A useful reframe is the "test trophy" shape advocated by Kent C. Dodds: a small number of static analysis checks, a moderate number of unit tests, a large number of integration tests, and a small number of end-to-end tests. The largest layer is integration. This is a reasonable target for AI-assisted development teams.

Learning tip: Count your tests by layer monthly. If unit tests outnumber integration tests by more than 5:1, you probably have a hollow pyramid. Ask AI to help you identify which unit tests are actually testing integration concerns and should be promoted.

Using AI to Find Coverage Blind Spots

AI is excellent at finding what you have not tested, especially when you provide it with both the code and the existing tests. This is a use case that pure coverage metrics miss: a line can be covered by a test that makes no meaningful assertion about its behavior.

The technique is to ask AI to review your test suite and identify behaviors that are exercised but not verified. This goes beyond line coverage and branch coverage into behavioral coverage — the question of whether your tests would actually catch a meaningful defect.

A second technique is to provide AI with your feature specification or requirements document alongside your tests and ask it to identify requirements that have no corresponding test. This cross-referencing between requirements and tests is tedious for humans and fast for AI.

A third use case is asking AI to imagine adversarial inputs — what would a malicious or careless user do that your tests do not cover? This is particularly valuable for input validation logic and security-sensitive code paths.

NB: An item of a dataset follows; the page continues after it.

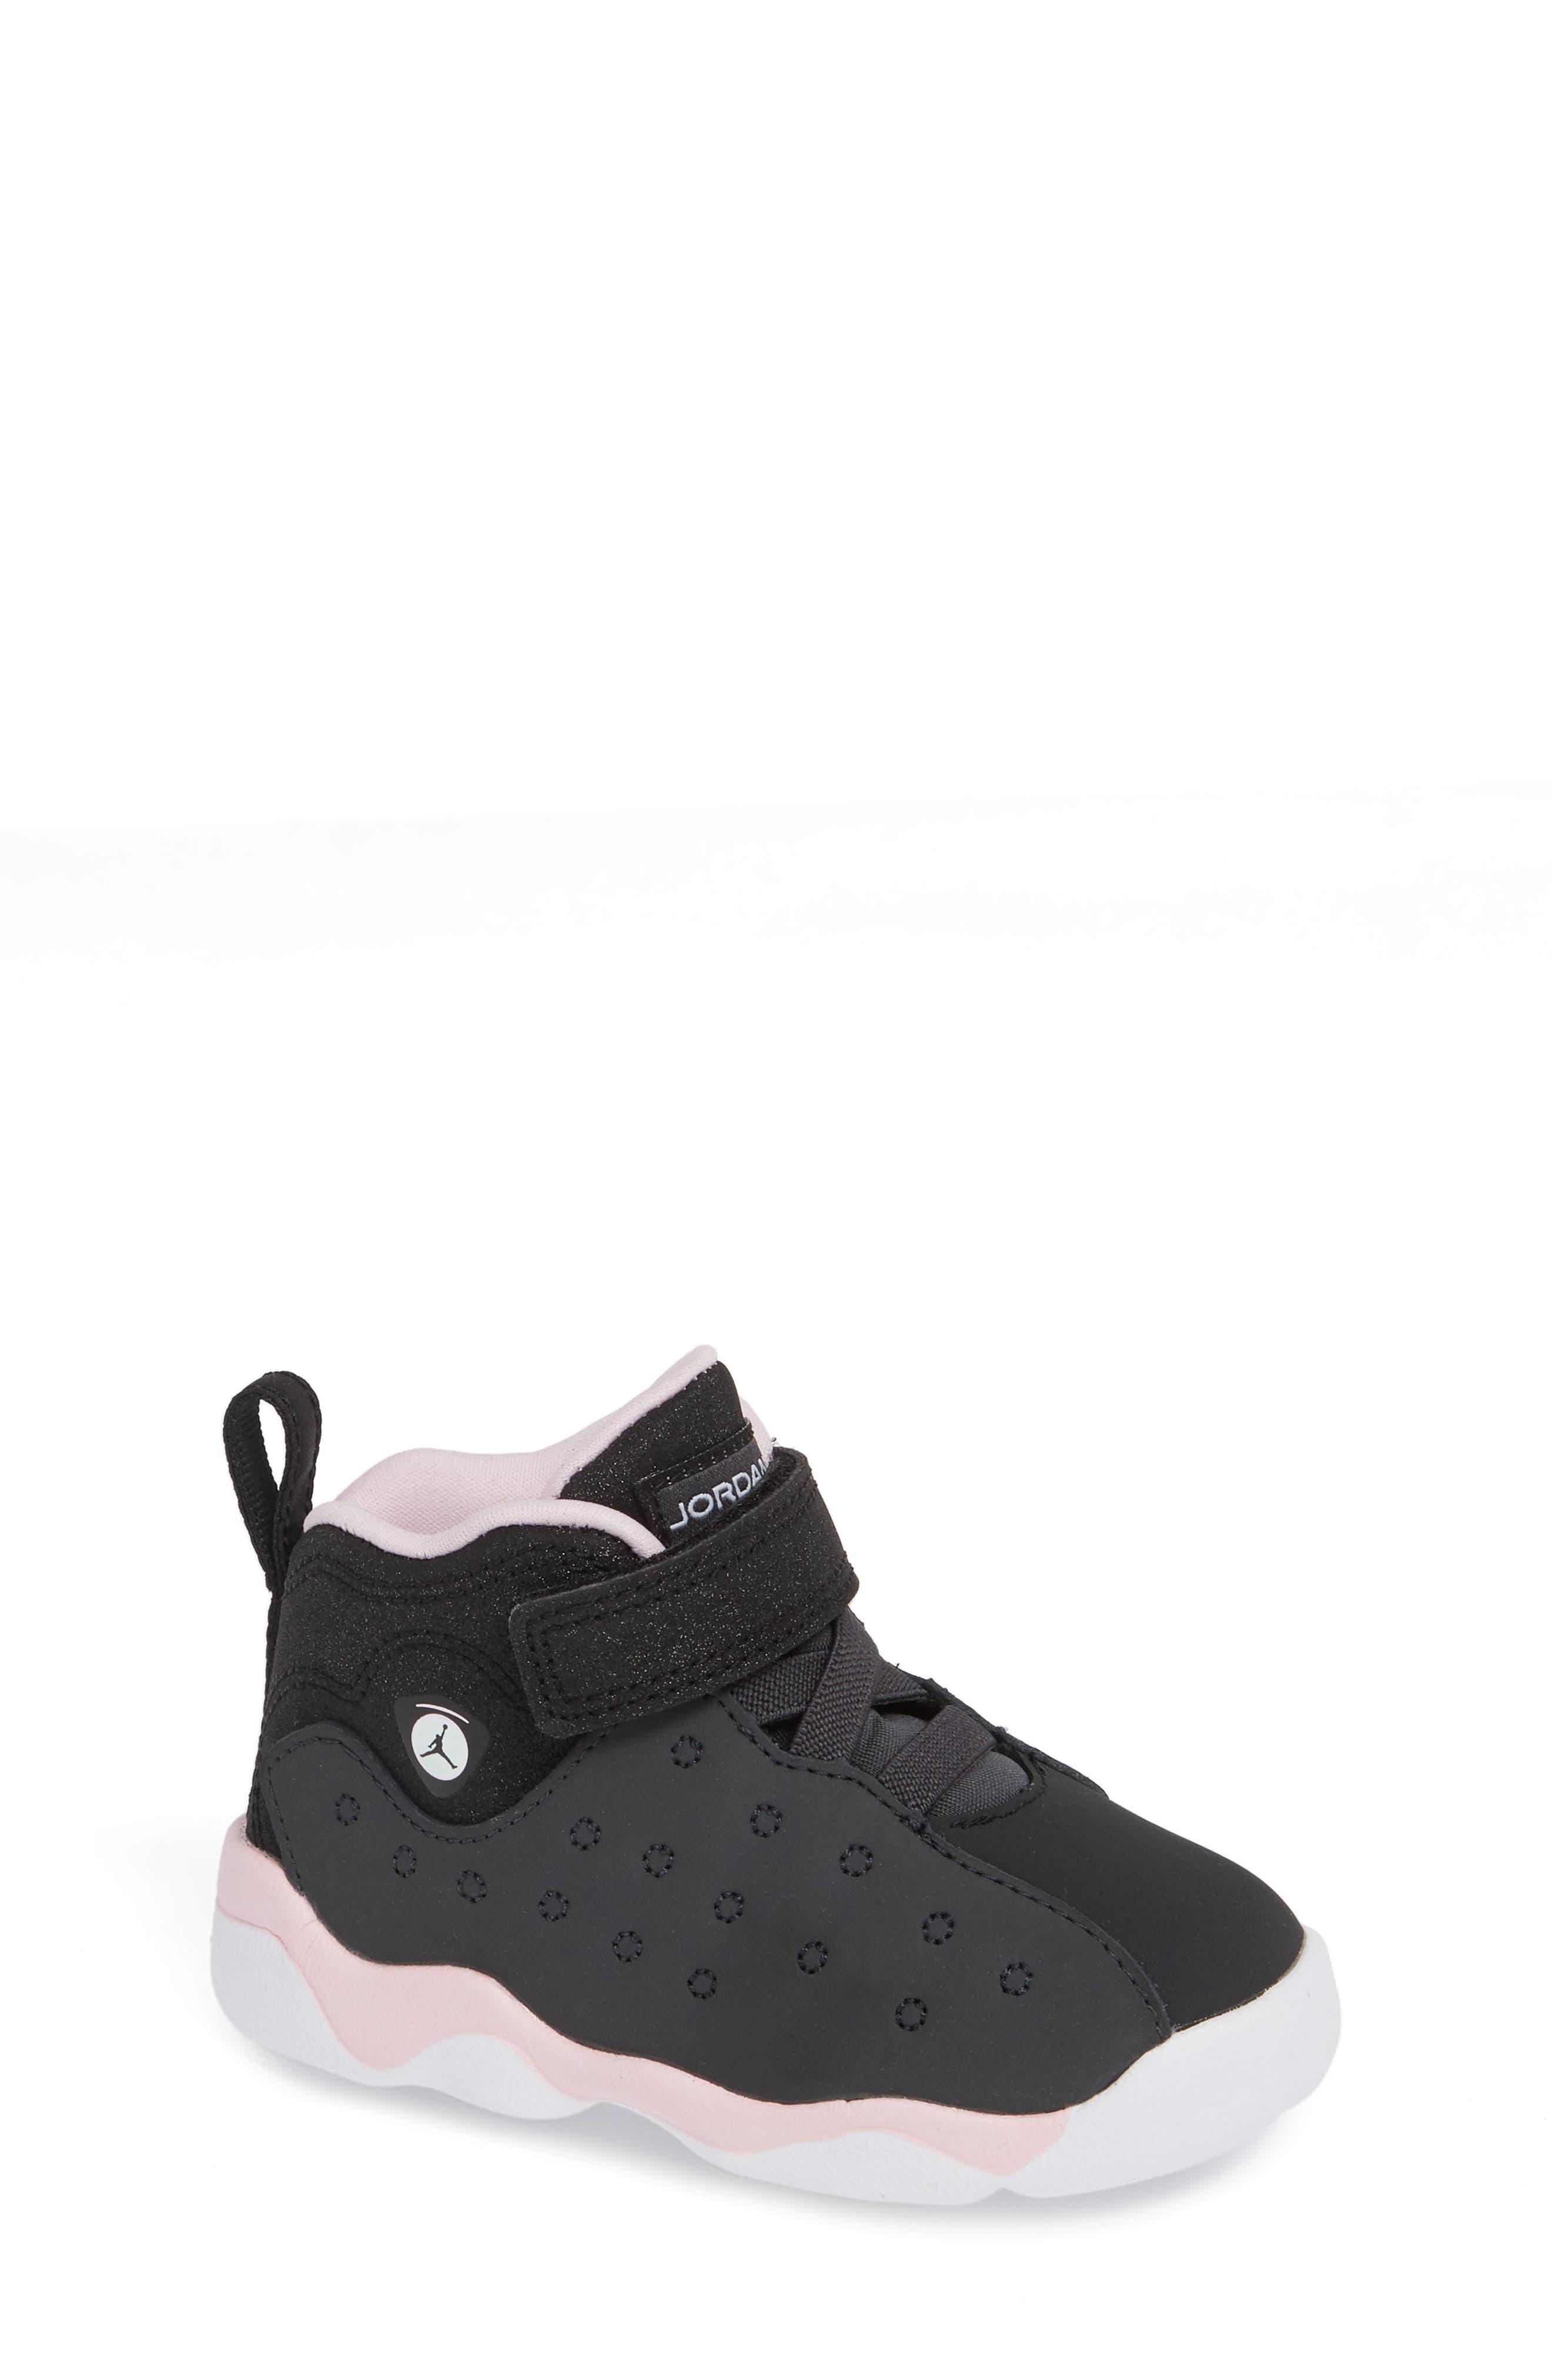 413e702ec Kids  Jordan Shoes

Learning tip: Once a month, paste your test file and the corresponding source file into a conversation and ask the AI: "What behavior in this code is not verified by any assertion in these tests?" You will almost always find something.

Writing a Test Plan Document with AI

A test plan document is a lightweight artifact that captures what you are testing, why, and at what level before implementation begins. It serves as a communication tool (useful for code review and team alignment) and a constraint on AI test generation.

The most effective format includes: a one-paragraph description of the feature, a list of key behaviors that must be tested, a layer assignment for each behavior (unit, integration, or end-to-end), risk ratings for each behavior, and any testing constraints (e.g., "cannot spin up a real payment processor in CI").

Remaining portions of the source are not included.